Marvin Rees described the situation in the city as “challenging”, with 1,579 cases reported over the past seven days and a rate of 340.7 cases per 100,000 people in the city.
He told a press conference that the area’s rate had historically been below the England average, which is currently 222.8 cases per 100,000 people.
Mr Rees said the city was taking a “Tier 1 plus” approach, which meant remaining in Tier 1 – the medium Covid-19 alert level – but taking targeted actions to “stem the spread” of coronavirus.
As part of this, eight Covid marshals will be introduced and deeper analytic work will take place to identify “rising tides of cases”, Mr Rees said.
The city council will also take on “further powers” of its local test and trace service.
“Any further actions will be based on what we’re seeing locally, and through discussion with our local partners across the city and central Government,” Mr Rees said.
“It is vital that we all work together to keep to behaviours to stop the spread of the virus; stick to the ‘Rule of Six’ with those not in your household or support bubble both in indoor and outdoor settings, maintain social distancing and wear a face covering when indoors in mandatory settings.”
If the measures do not work, the city will move into Tier 2 or 3, Mr Rees said.
The council is working to establish what sort of financial package would be required from the government if that took place.
Mr Rees said the situation was developing “incredibly quickly”, adding that it could be a “matter of days” before a decision had to be made on moving into a different tier.
Christina Gray, director of public health for Bristol, said it would take around two to three weeks for the effects of the intervention to be seen.
“We are in a very, very critical place – I can’t emphasise that enough,” Ms Gray said.
She told the press conference that the city was trying to “balance the harms from the virus” as well as the effect of measures to control it on jobs, education and mental health.
Analysis found that Bristol’s transmission rate is significantly higher than that of other regions when they were placed in Tier 2 restrictions.

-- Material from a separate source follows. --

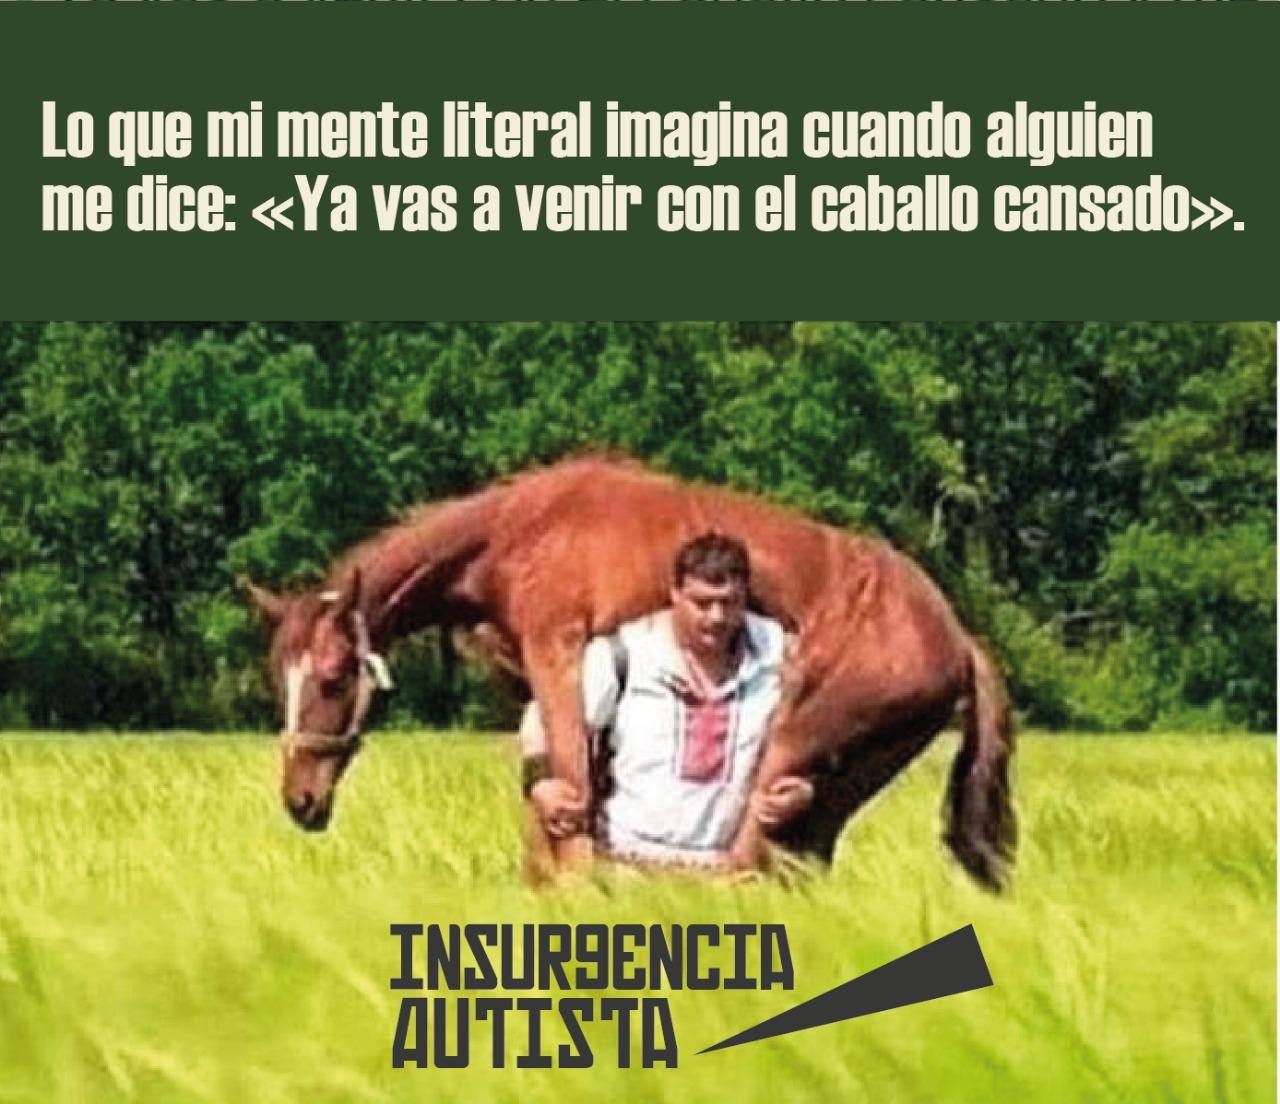 Insurgencia00001

Staffordshire County Council has warned that Tier 2 measures could come into force as soon as this weekend, despite the fact the case rate is currently 280 cases per 100,000 head of population, according to data.

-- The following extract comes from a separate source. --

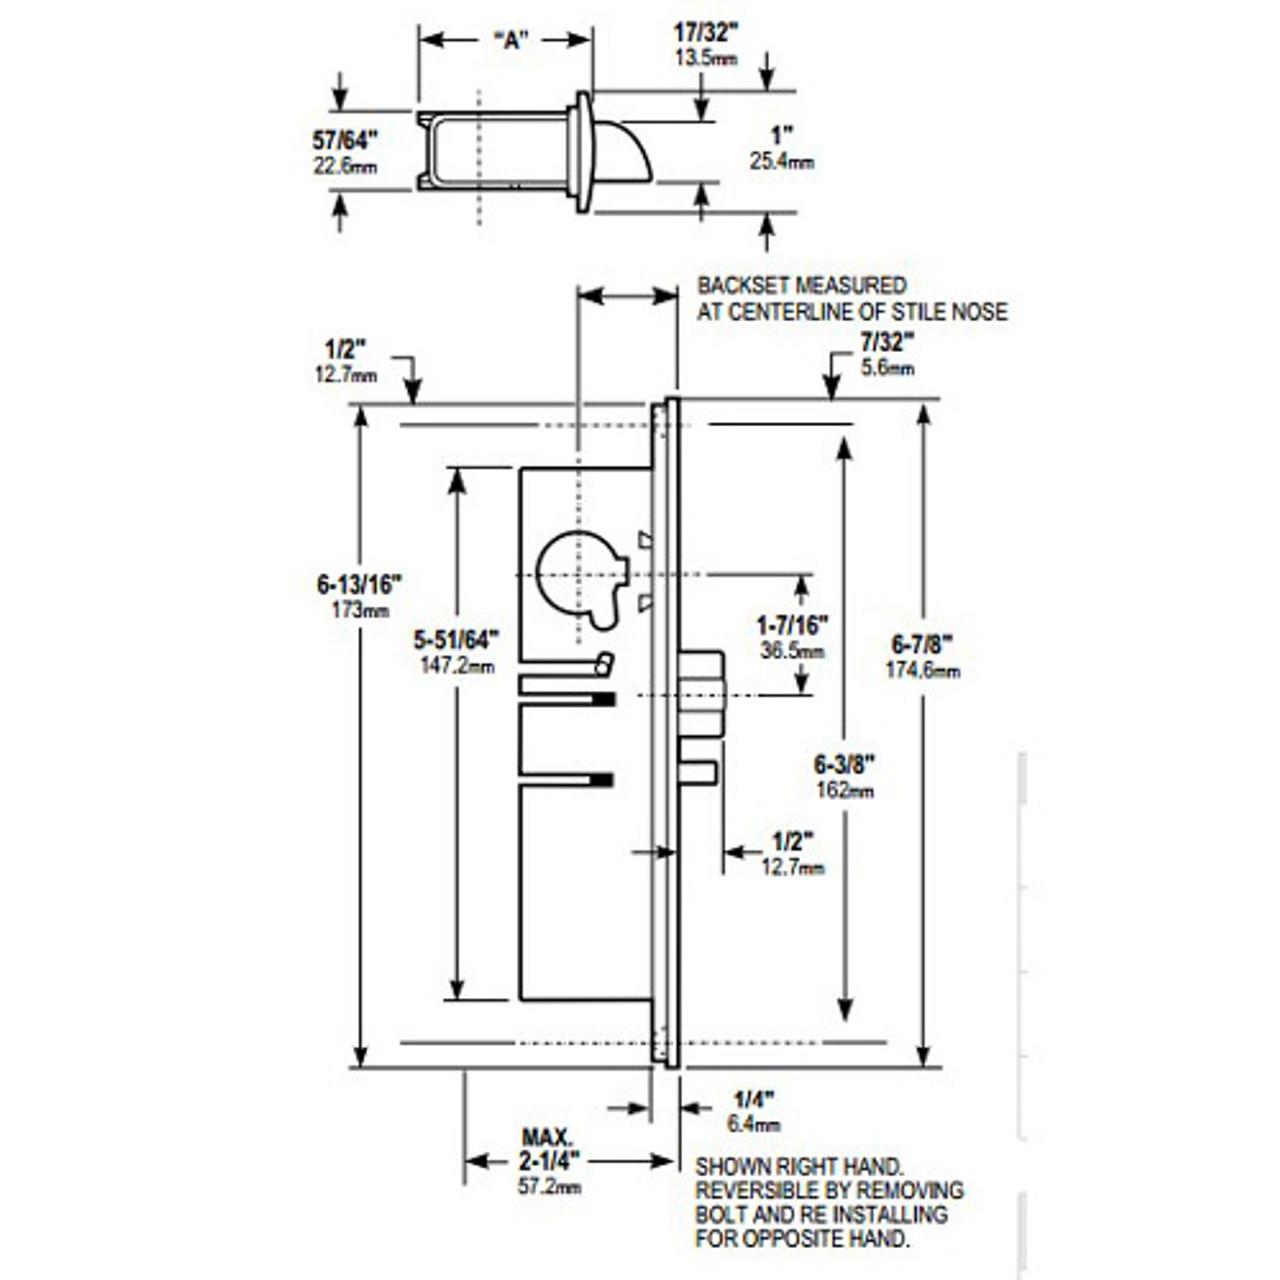 4512-26-201-313 Adams Rite Standard Deadlatch Dimensional View

Stoke-on-Trent’s case rate was 210 per 100,000 when it moved into Tier 2 on October 22.
The Department of Health and Social Care said: “There are three local Covid alert levels which are enshrined in law and we are not considering the introduction of a ‘plus’ system.
“Bristol is currently at medium and local leaders have the authority to bring in some additional measures for their area and we welcome local efforts to break chains of transmission.”